• What is expected:
Set down exactly the lines below, starting at the one that contains "Sueded Belly-Cut Python" and ending at the one that contains "Prince - NOTHING COMPARES 2 U", with both of those lines included and nothing else.
*** Opening Material for the task ***
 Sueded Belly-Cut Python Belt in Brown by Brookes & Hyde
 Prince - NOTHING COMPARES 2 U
*** Closing Material for the task ***
*** Opening Material for the task ***
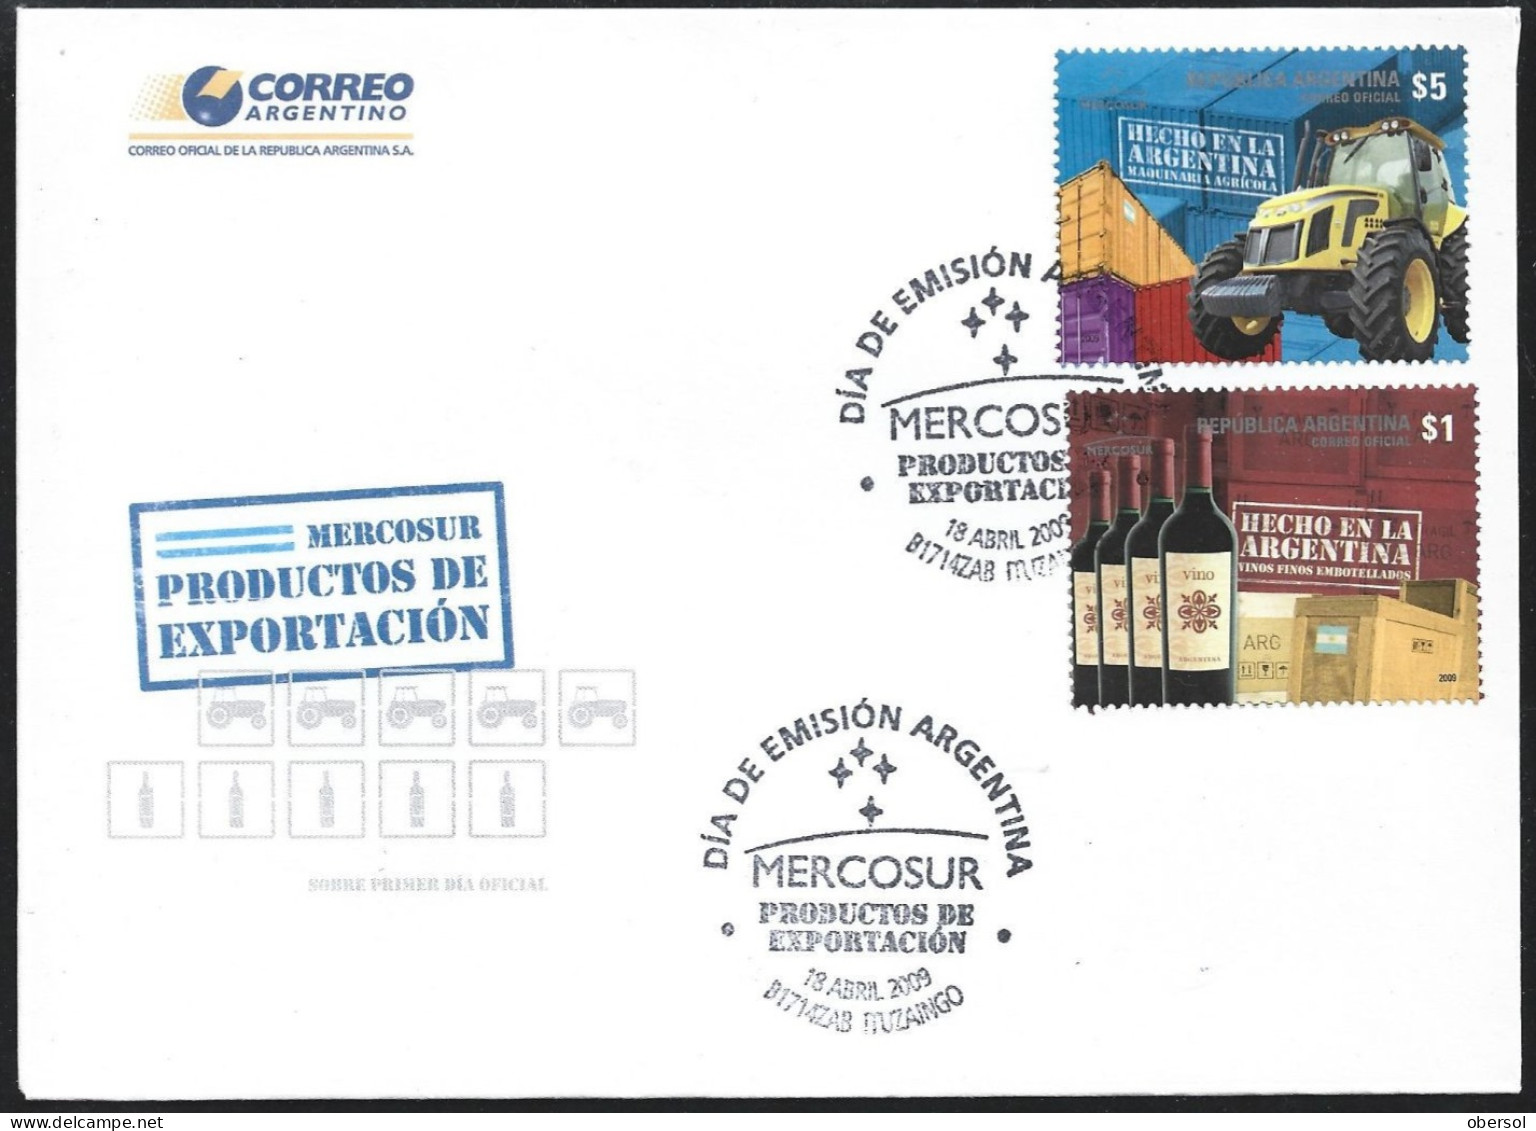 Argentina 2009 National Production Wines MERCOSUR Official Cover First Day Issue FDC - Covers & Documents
*** Closing Material for the task ***
*** Opening Material for the task ***
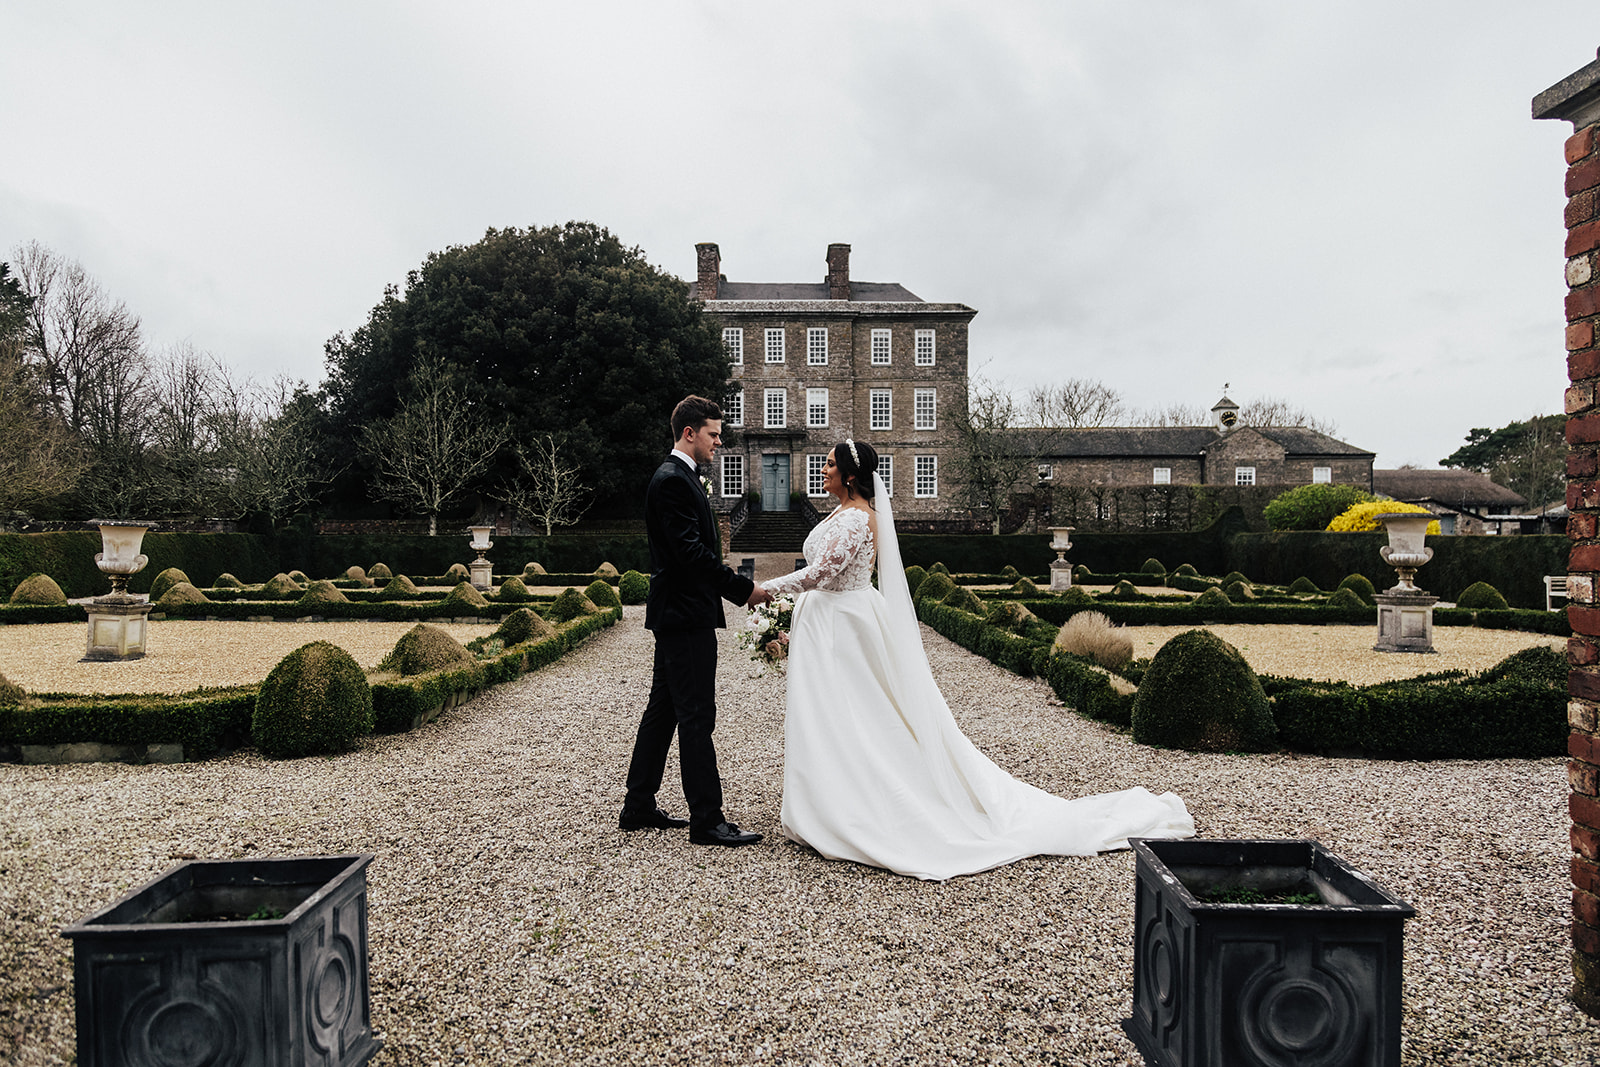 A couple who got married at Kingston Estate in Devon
*** Closing Material for the task ***
• Answer:
 Sueded Belly-Cut Python Belt in Brown by Brookes & Hyde
 Prince - NOTHING COMPARES 2 U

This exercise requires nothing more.